We set off from Kigali at 5am, for the nearly hour and half drive to Musanze and then Kinigi, home of the Volcanoes National Park and Mt Muhabura.

At the park’s visitors’ centre we had breakfast and were issued with the permits for entering the park and hiking.

Mt Muhabura is famous for gorilla trekking, hiking, and the Dian Fossey primate centre.

We were assigned tour and armed guides for the hike and we set off. Mt Muhabura is an extinct volcano in the Virunga Mountains and straddles the Volcanoes National Park in Rwanda and the Mgahinga Gorilla National Park in Uganda. It is 4,127 metres above sea level and the second highest mountain in Rwanda.

The name Muhabura means ‘‘the guide’’ in Kinyarwanda.


I soon learnt why Mt Muhabura is considered a difficult hike — its down to its steepness and the fact that hikers are expected to finish the roundtrip before sunset. It is a one-day round trip.

We started off 9am under scorching sun; just 20 minutes into the trek, I was drenched in sweat under my leather jacket. And this was before we had reached the base of the mountain. An hour later we assembled at the base for debriefing by the head guide.

We had four hours to get to the summit, by 2pm. If anyone was not going to make it by then, they were advised to start their descent to the starting point. The idea was to be off the mountain before sunset.

The head guide assigned eight soldiers, one guide and two porters to accompany us. As we climbed, the group split into two, the pacesetters who were accomplished hikers at the front, and the laggards behind. You can guess which group I belonged to.

As we climbed higher the trail got steeper and harder. Soon we were gasping and out of breath. We had to rest after every 50 steps. My leather jacket became heavier with every step under the hot sun.

At one point, we had to rest after every 20 steps. It was a physical and mental test. I didn’t think I had it in me to keep going, and with every step I took I became desperate to get to the top. This was my undoing as I became completely exhausted and had to rest for 10 minutes after each 50 steps.

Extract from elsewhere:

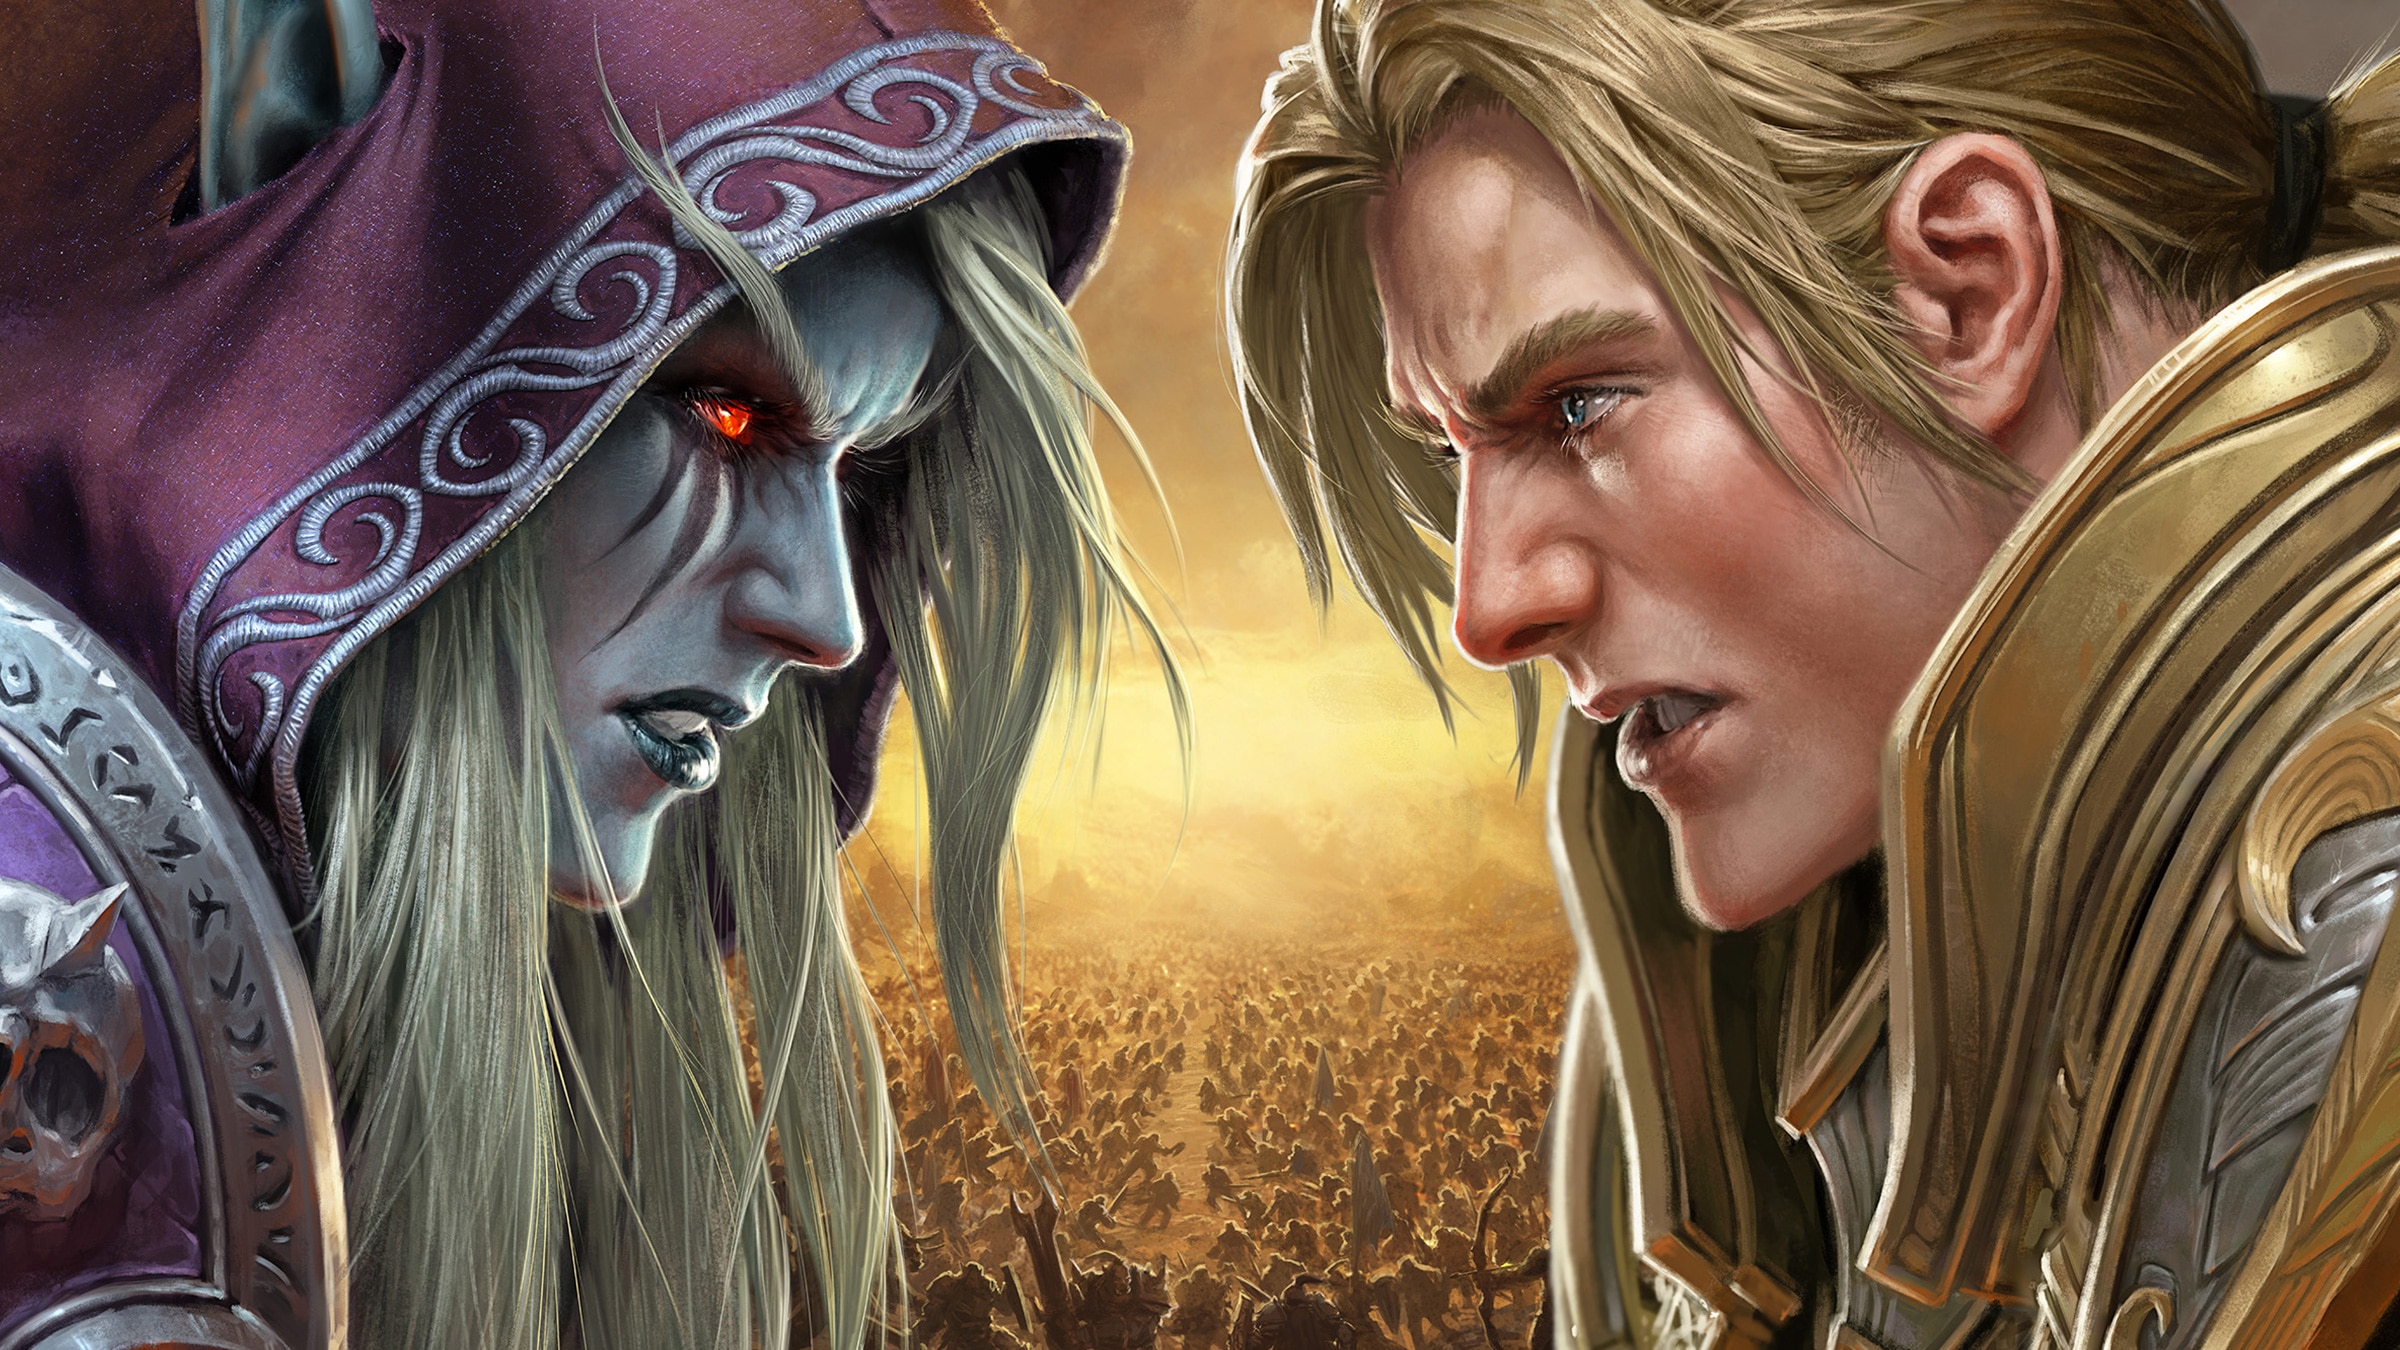 Take Part in the Battle for Azeroth Beta Giveaway!

By the time we got to the first rest stop, called the ‘‘The Restaurant,’’ I was beat. It was 1pm, which meant I was time-barred for the summit, which was two hours away. My knees were aching, I had been stung by a bee on my way up and since we were 3,700 metres above sea level, it was now freezing and the wind was threatening to blow me away.

We took solace in the breathtaking views from The Restaurant of the Virunga Mountains and the twin lakes of Ruhondo and Burera.

After resting for about half an hour, we began the descent. I thought climbing down would be a walk in the park. It proved to be a lot harder; my knees began to ache and my toes were throbbing.

I had worn normal sport shoes rather than hiking boots, and with the wet and slippery trail, I slipped and slid one too many times. The soldiers had to support me all the way down.

The soldiers, guides and porters were unfazed by the physical exertion even as I cursed with every step.

I was neither mentally nor physically prepared for this hike. Descending hurt my knees as I was constantly braking and digging my heels into the rocks and mud. By the time, we got back to base, it was almost 5.30pm and we had to wait another hour for the pacesetters to get down.

This was the hardest physical thing I have ever done. It’s not as easy as it seems on National Geographic. The hike took nine hours, from 8.30pm to 6.30pm. Almost all of us passed out in exhaustion on our way back and my body was sore for two days.